# pen turner in Lubbock Tx??



## dahenley (Sep 1, 2012)

I am in lubbock and a while back i traded some hard wood pieces for a pen, and that person no longer has the same email address…..

so i am looking for another local that wouldn't mind trading some material for a pen, or maybe sell me a few pens.

(im a bigger guy with big hands and like the larger pens.) 
the pen i have i believe i was told it was a "European" style???

i am not a turner… so i don't know anything about that stuff haha.

any help would be appreciated. 
Thanks!!!


----------



## Finn (May 26, 2010)

I am also in Lubbock. I am the president of Lubbock Woodworkers Club and know of no pen turners in our club but there is a "Turners Club" here in Lubbock and I bet there are guys in that group that would be interested. When I lived in Maryland I met a pen turner on linefrom Indiana and sent him a bunch of hardwood blanks and he sent me two pens in return. Wood blanks and pens are small enough to send cheaply so you do not have to be limited to working with turners in Lubbock.


----------



## TheDane (May 15, 2008)

There is an AAW affilitae club in Lubbock:

*South Plains Woodturners 
*
Meets 1st Saturday of the month at:
Target Sheet Metal 515 SE Loop 289, Lubbock, TX

Jim Bob Burgoon, President
5828 88th St
Lubbock, TX 79424 
Phone: 806-783-9071
Email: [email protected]


----------



## Zboom (Dec 15, 2011)

I'm a penturner in Lubbock, Texas (actually im in ransom canyon) and would be willing to work with you. Send me a pm and we can work something out.


----------



## dahenley (Sep 1, 2012)

here is a picture of a pen that i have. (the one i am calling a european style. which i don't know if that is correct or not)
it was said to be made of a mesquite burl if i remember right. 
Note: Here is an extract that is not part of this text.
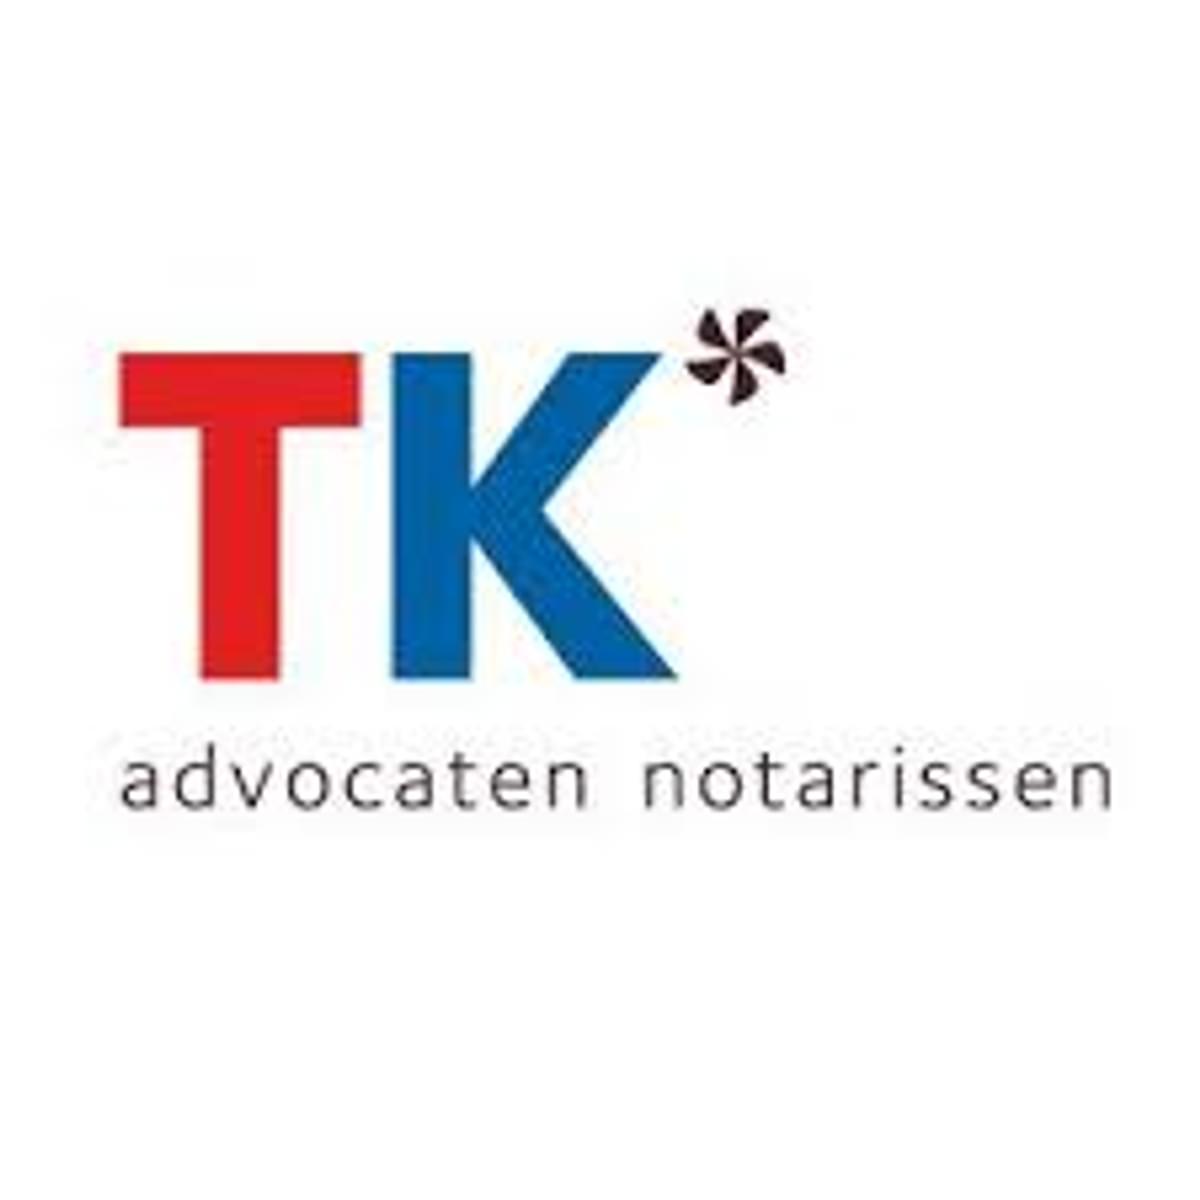 TeekensKarstens opent tech office in Amsterdam image

also, here is a piece of walnut that was cut off a slab that i had. is it possible to be turned into a pen? (what your seeing is the end grain in the picture and i though it looked sweet.


----------



## Zboom (Dec 15, 2011)

Yes the pen you have is a European style…. Looks like it could be skeet burl but the pic is pretty grainy…. That piece of walnut you have what's the dimensions? Typically I don't make the euro style, but a cigar would be good for you if you like a heavier/thicker pen. My Facebook page below will show some of the pens I make, just be warned the pics don't do them any justice


----------



## Zboom (Dec 15, 2011)




----------



## dahenley (Sep 1, 2012)

thats a nice pen!!! (and that JD#7 pen on your FaceBook Looks great too…. but i won't need one of those till i graduate haha in May 2015)

the Walnut is 1 3/8×1 3/8


----------



## Zboom (Dec 15, 2011)

Da this is actually another number 7 (has blo to make the white oak grain pop) as well and it smells like whiskey when it's turned also… That walnut is workable


----------